**Entries supplied**
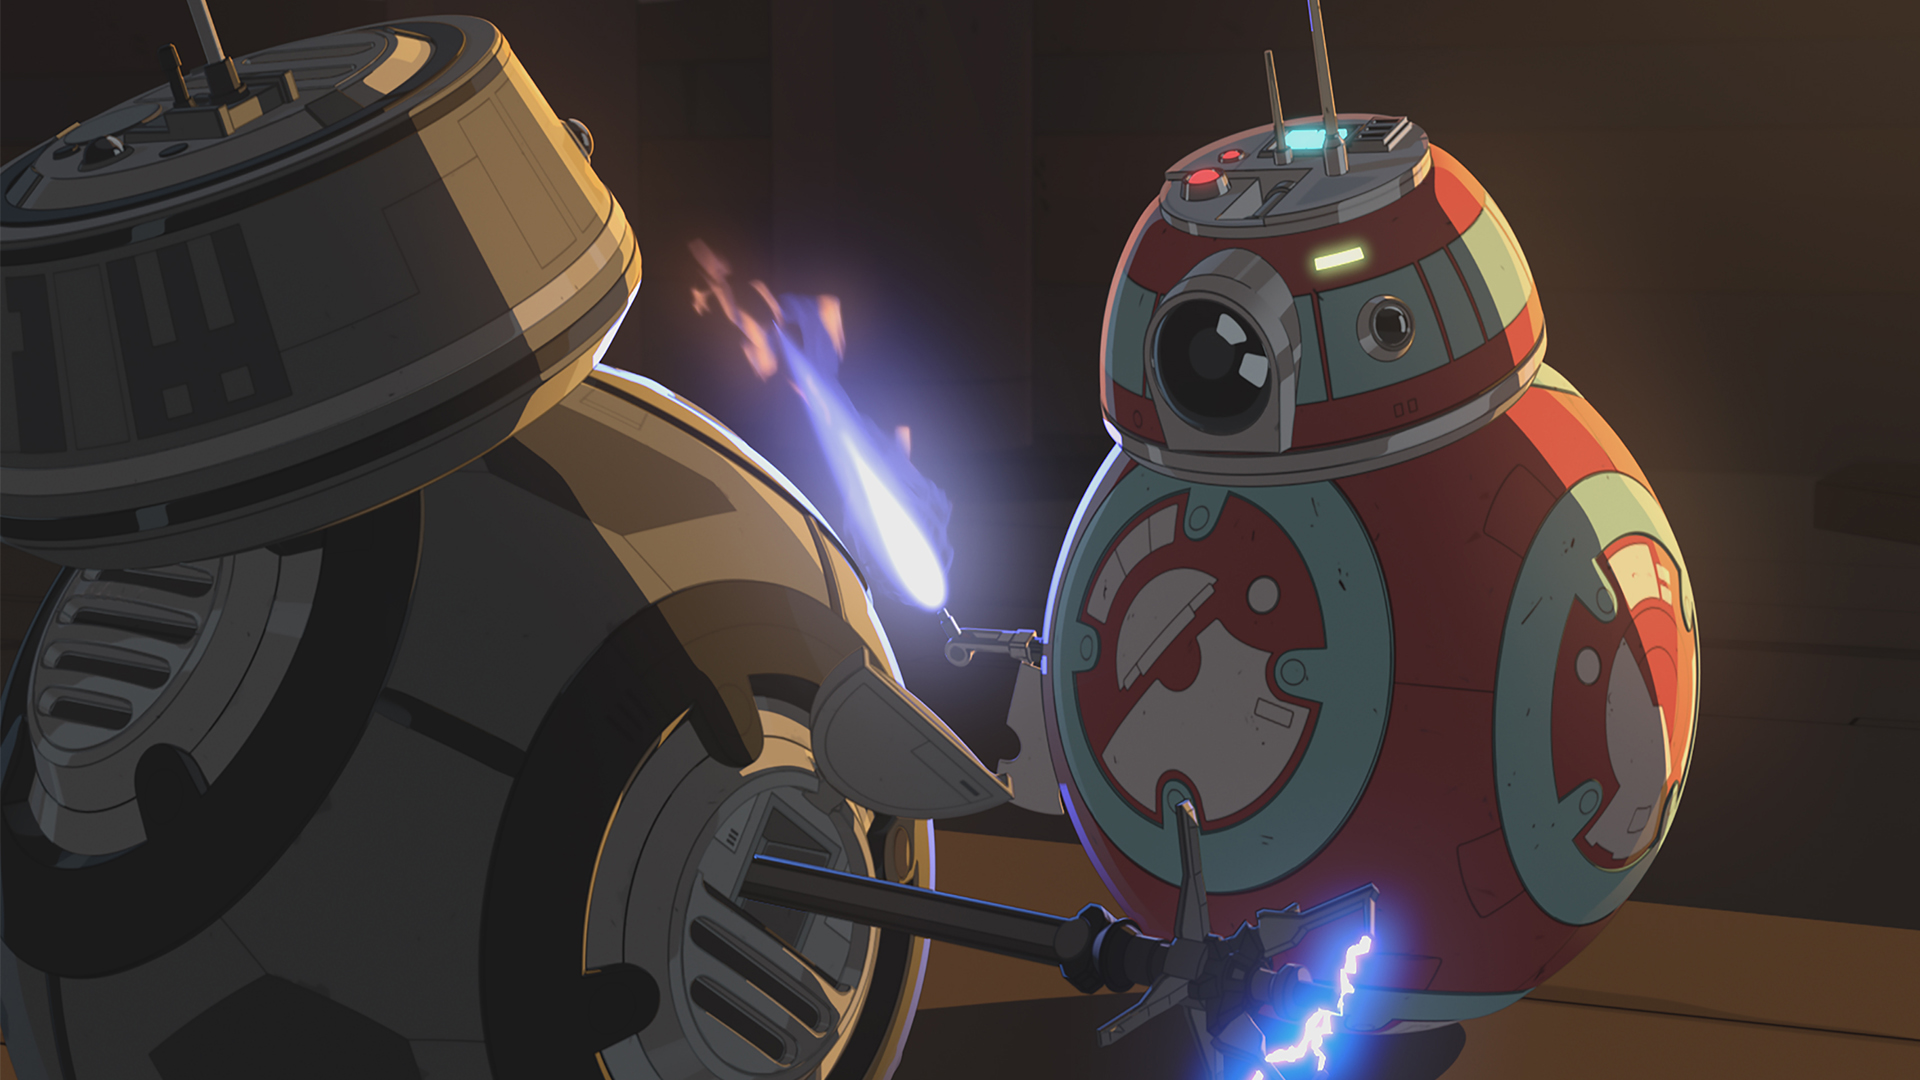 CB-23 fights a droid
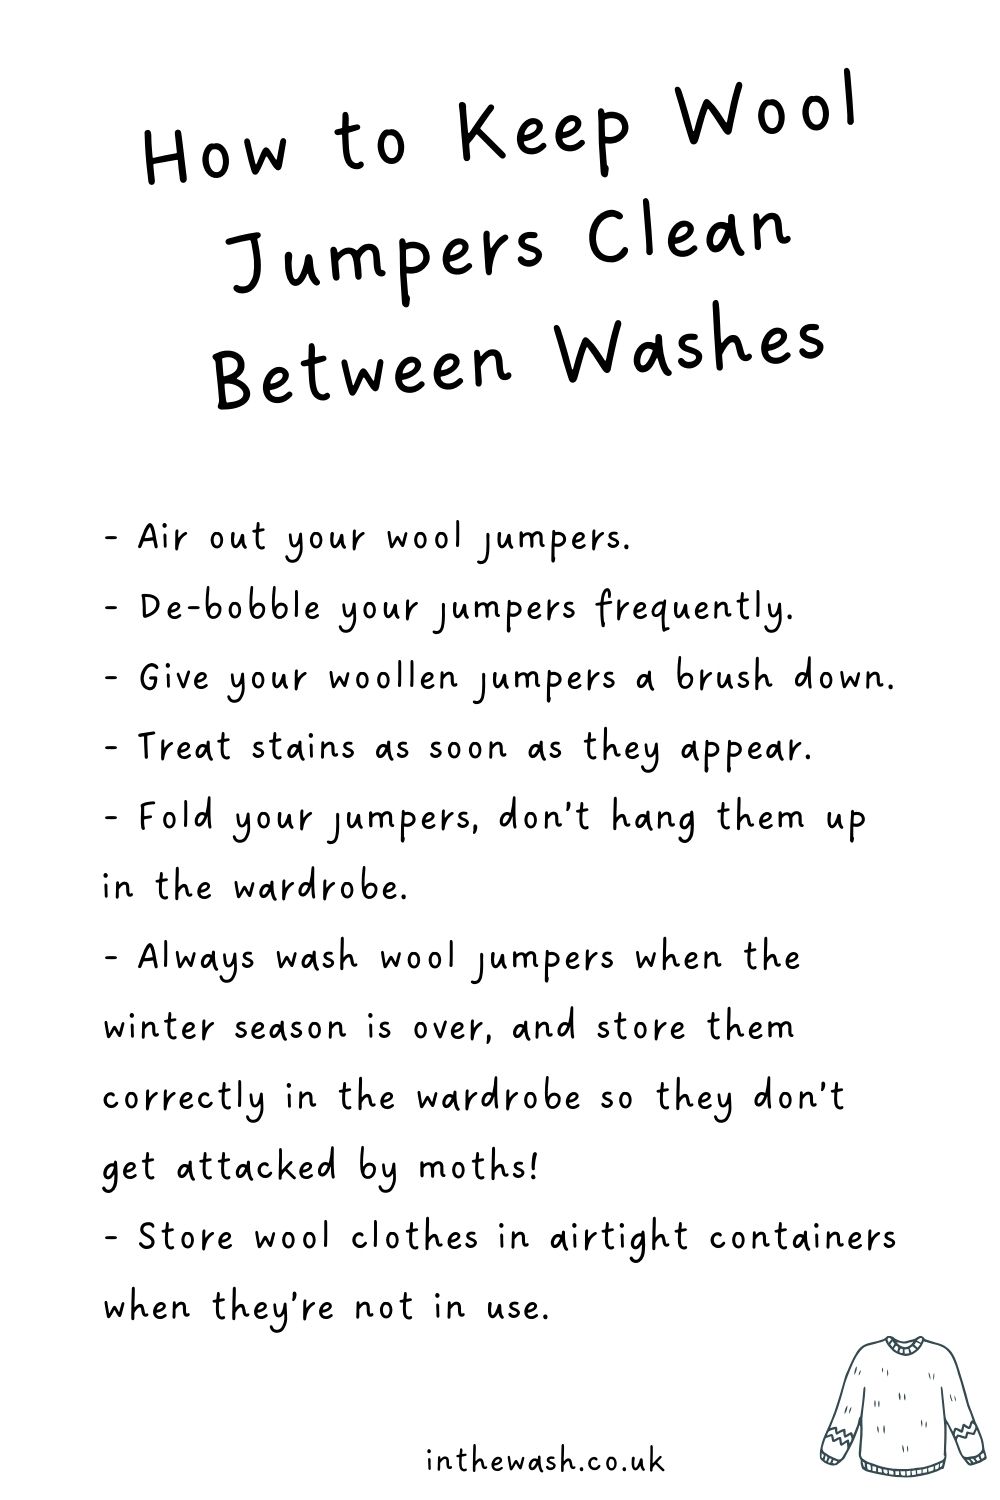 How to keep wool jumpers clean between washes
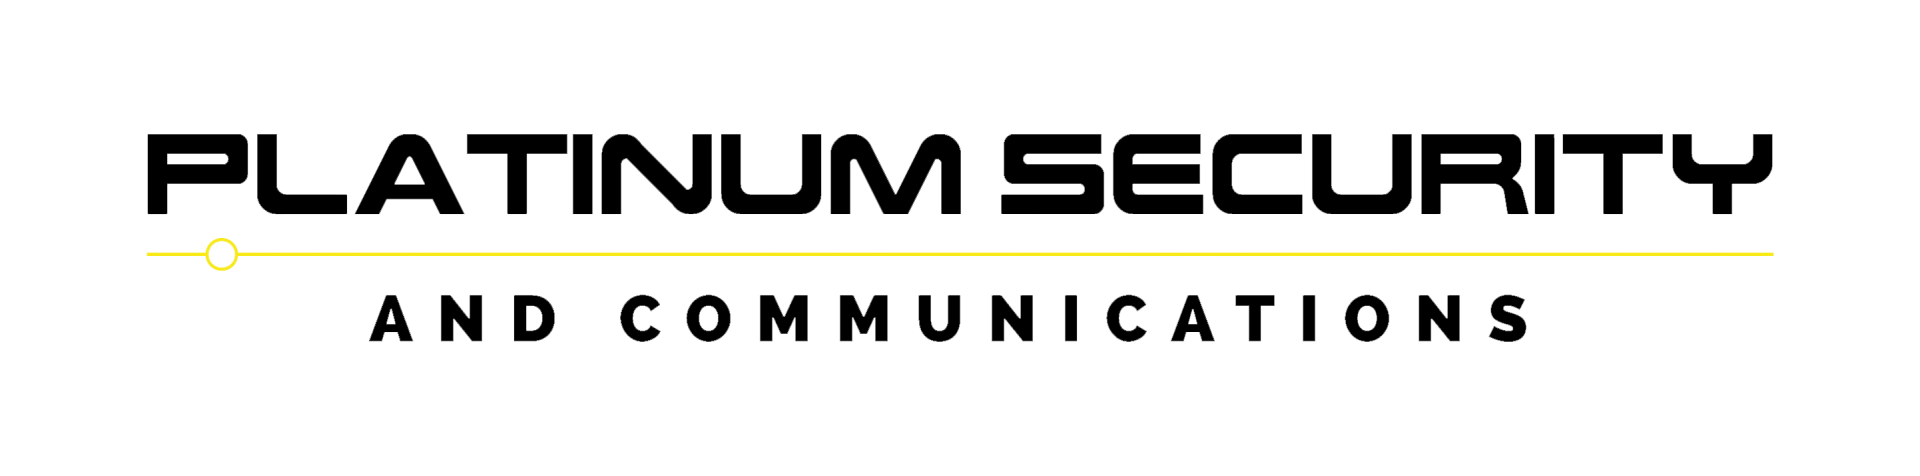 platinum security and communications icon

* * *

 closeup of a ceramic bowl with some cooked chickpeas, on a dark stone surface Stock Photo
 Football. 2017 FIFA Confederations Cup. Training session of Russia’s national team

---

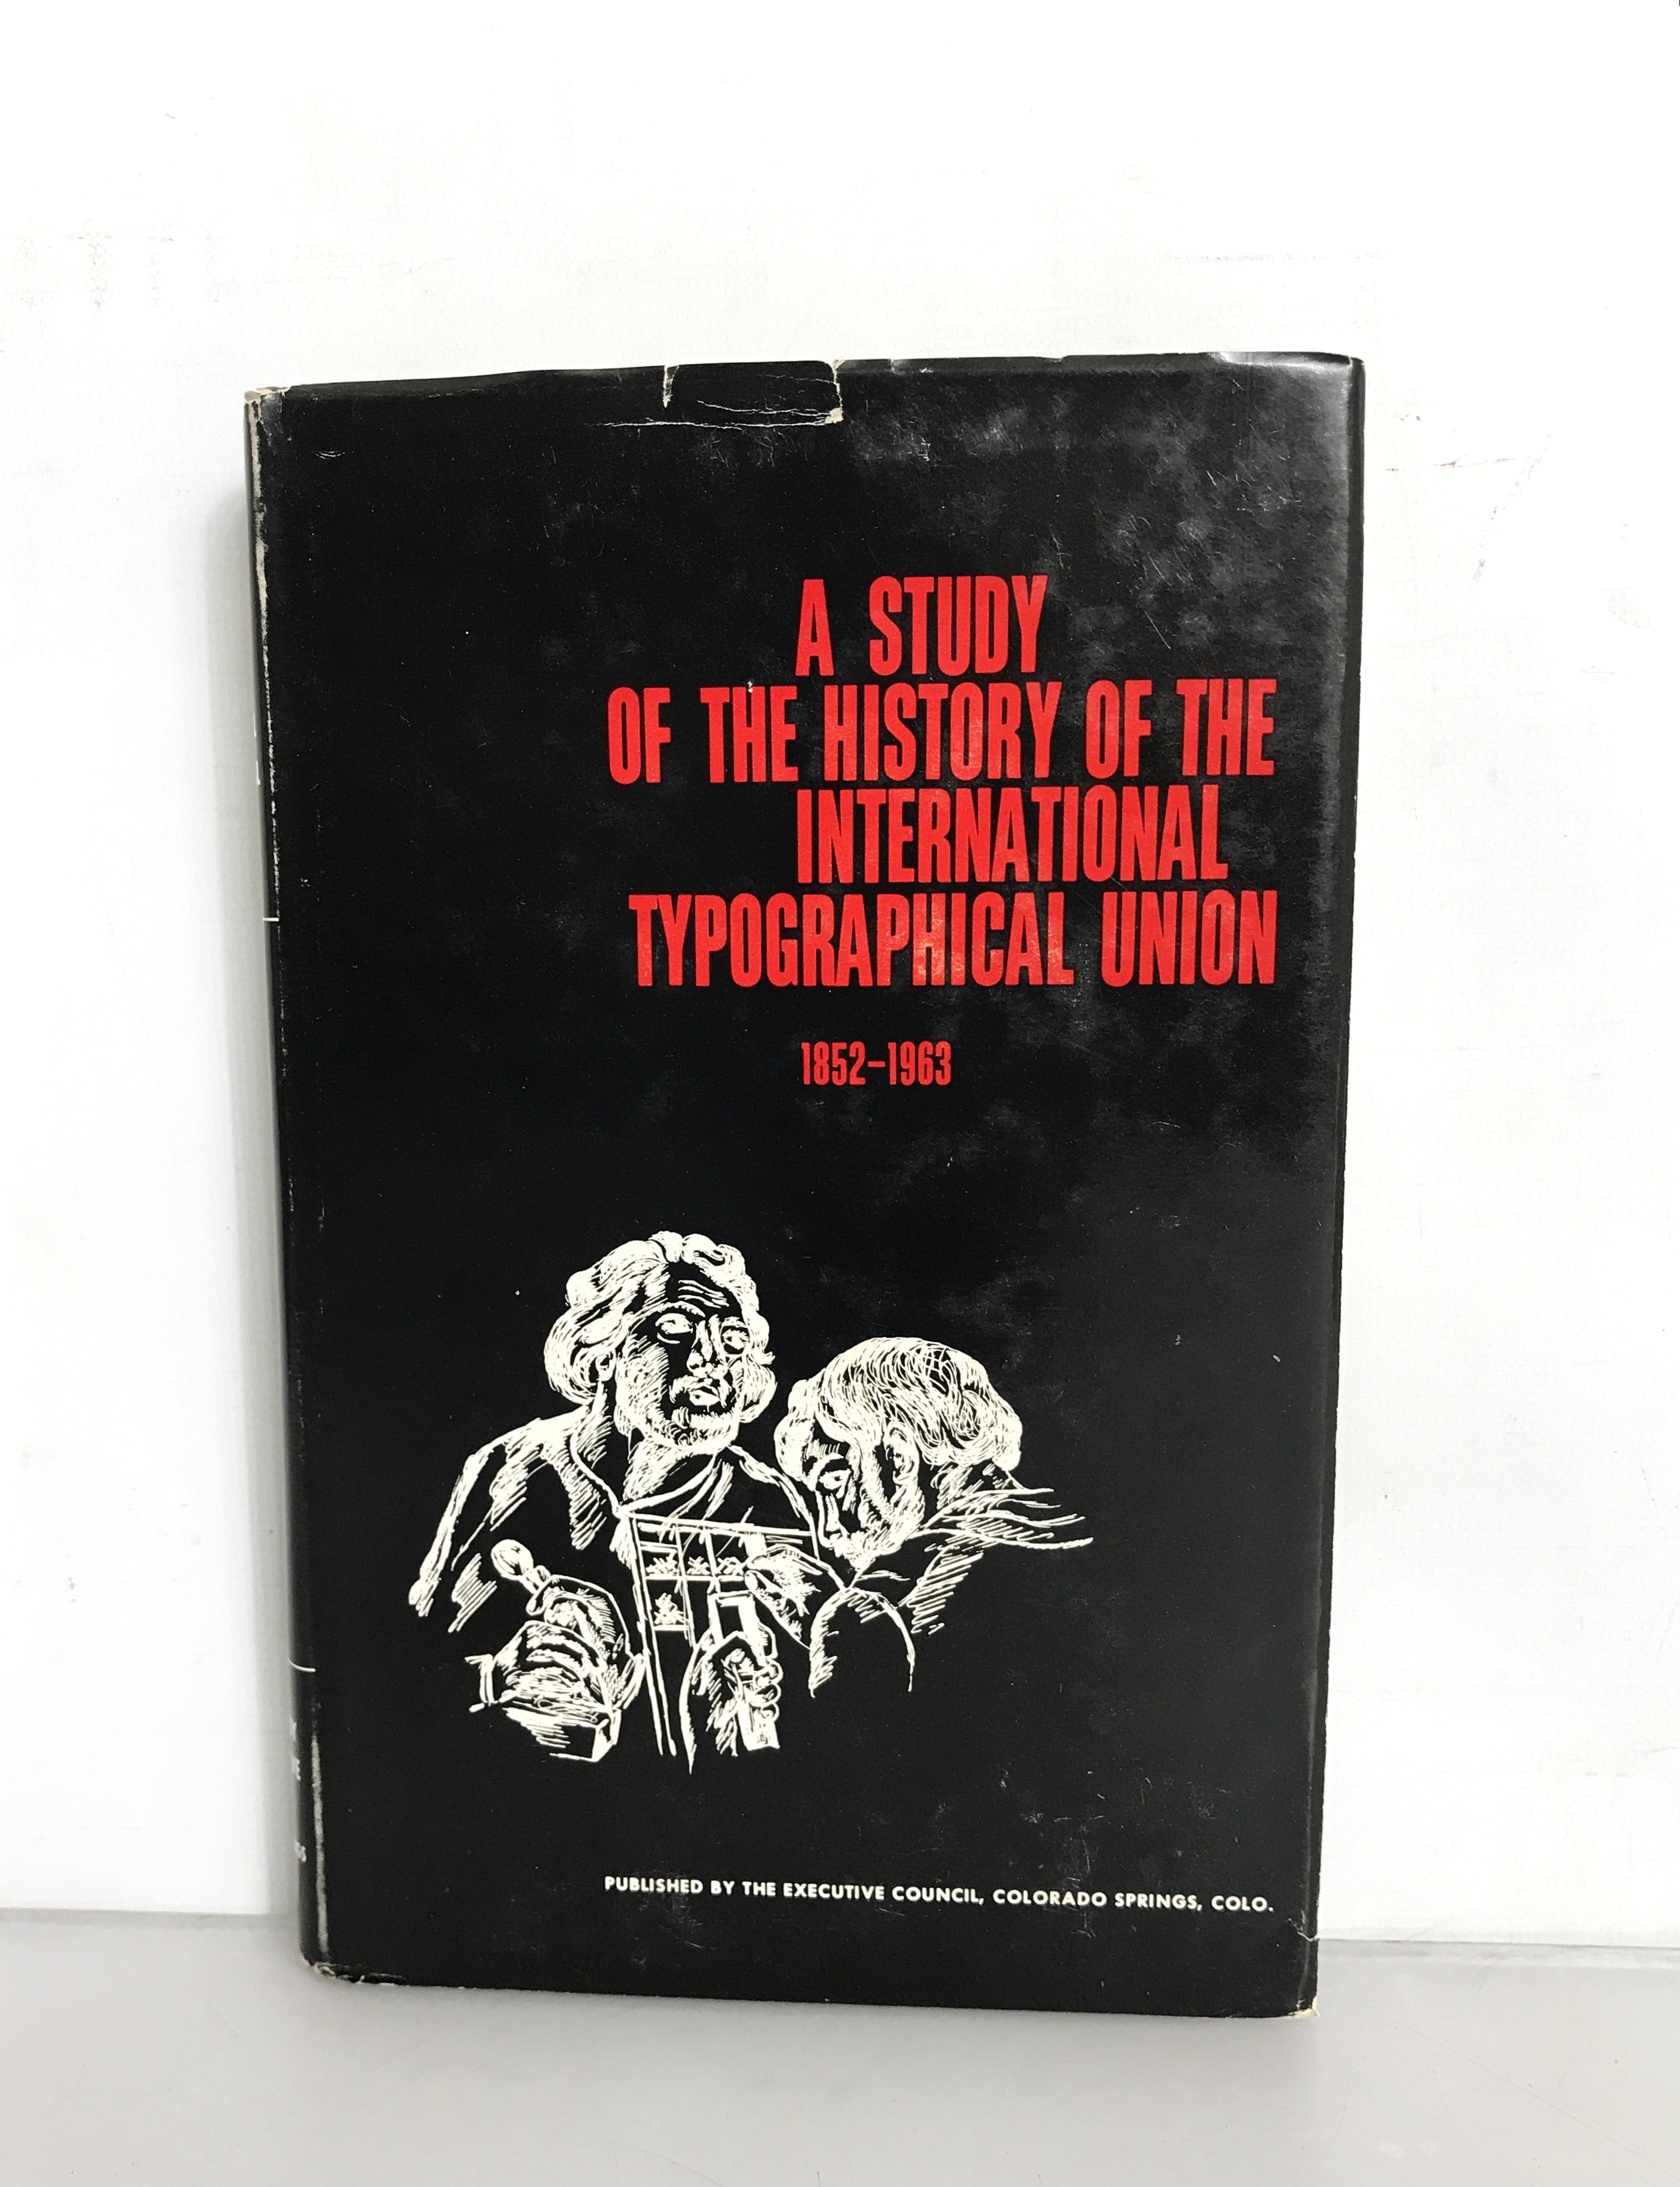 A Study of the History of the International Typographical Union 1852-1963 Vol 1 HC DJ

**Work item**
Copy the lines above exactly, starting at the one with "CB-23 fights a droid" and ending at the one with "platinum security and communications icon", both included. Leave out any pictures and add nothing else.

**Solution to this task**
 CB-23 fights a droid
 How to keep wool jumpers clean between washes
 platinum security and communications icon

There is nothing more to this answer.